Chronic Obstructive Pulmonary Disease: A Palliative Medicine Review of the Disease, Its Therapies, and Drug Interactions

J Pain Symptom Manage. 2020 Jul;60(1):135-150. doi: 10.1016/j.jpainsymman.2020.01.009. Epub 2020 Jan 29.

Abstract

Despite significant advances in treatment, chronic obstructive pulmonary disease (COPD) remains a chronic and progressive disease that frequently leads to premature mortality. COPD is associated with a constellation of significant symptoms, including dyspnea, cough, wheezing, pain, fatigue, anxiety, depression, and insomnia, and is associated with increased morbidity. Palliative care is appropriate to support these patients.
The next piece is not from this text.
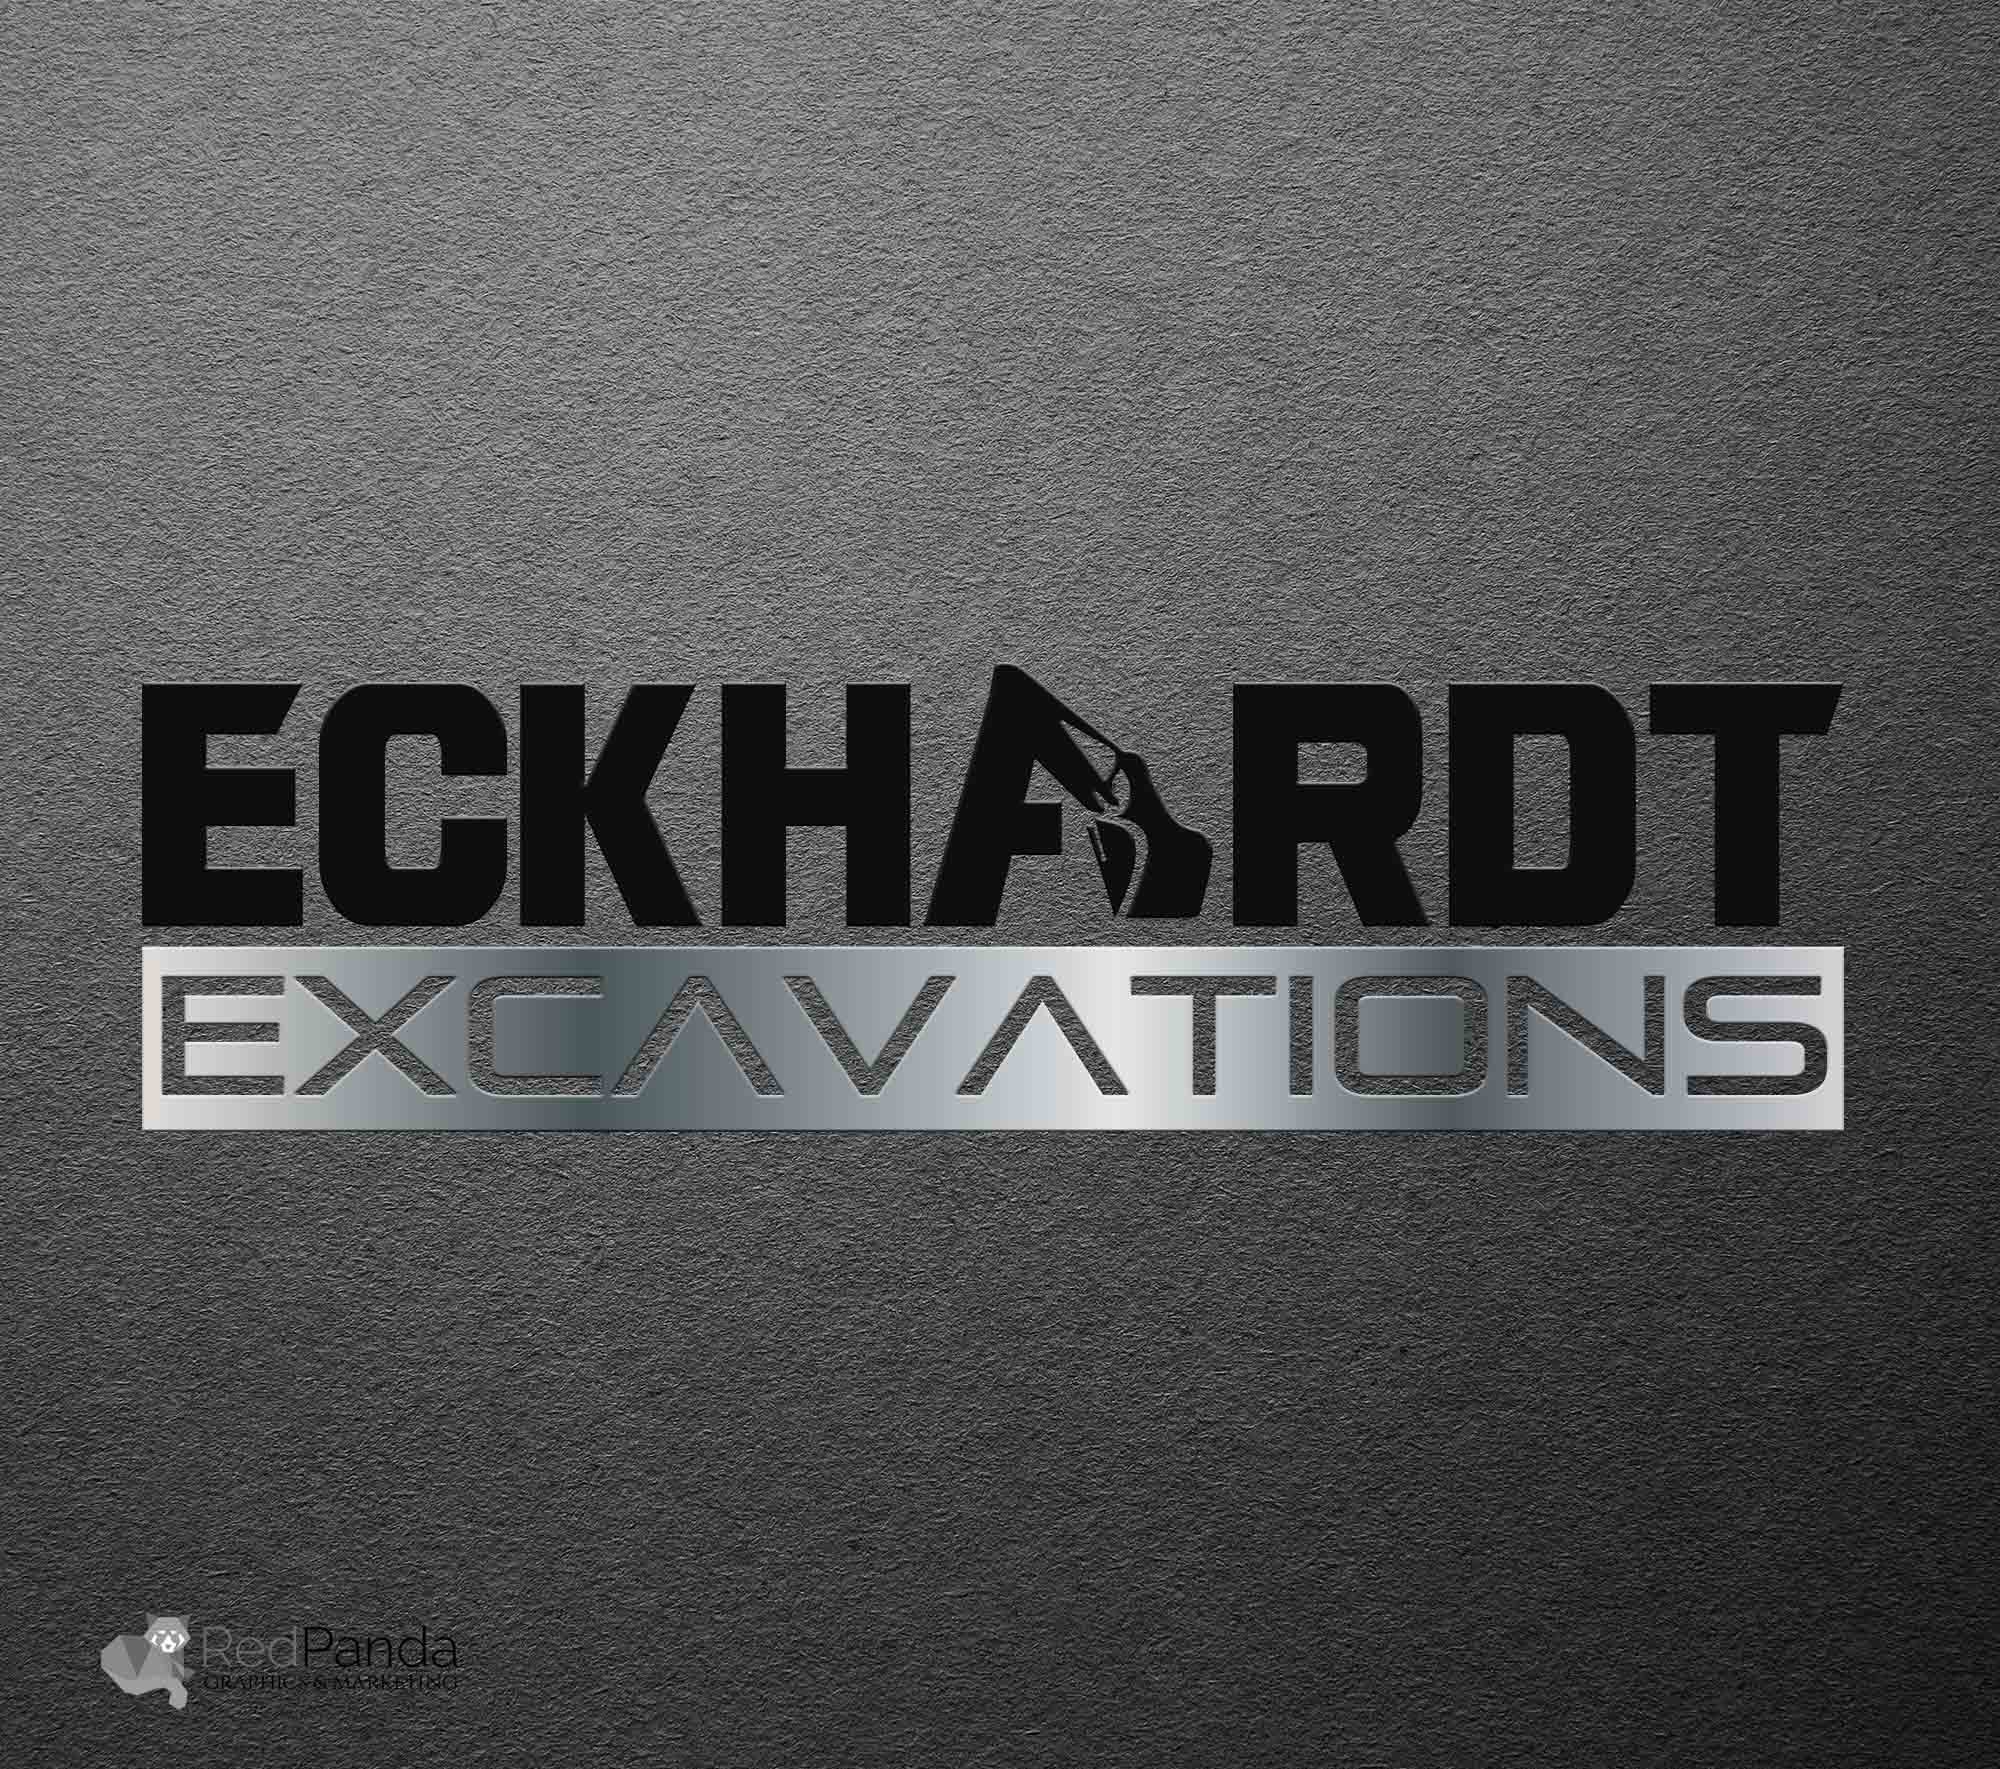 Logo Design - Eckhardt Excavation

However, historically, palliative care has focused on supporting patients with malignant disease, rather than progressive chronic diseases such as COPD. Therapies for COPD often result in functional and symptomatic improvements, including health-related quality of life (HRQL), and palliative care may further improve symptoms and HRQL. Provision of usual palliative care therapies for this patient population requires understanding the pathogenesis of COPD and common disease-targeted pharmacotherapies, as well as an approach to balancing life-prolonging and HRQL care strategies. This review describes COPD and current targeted therapies and their effects on symptoms, exercise tolerance, HRQL, and survival. It is important to note that medications commonly used for symptom management in palliative care can interact with COPD medications resulting in increased risk of adverse effects, enhanced toxicity, or changes in clearance of medications. To address this, we review pharmacologic interactions with and precautions related to use of COPD therapies in conjunction with commonly used palliative care medications.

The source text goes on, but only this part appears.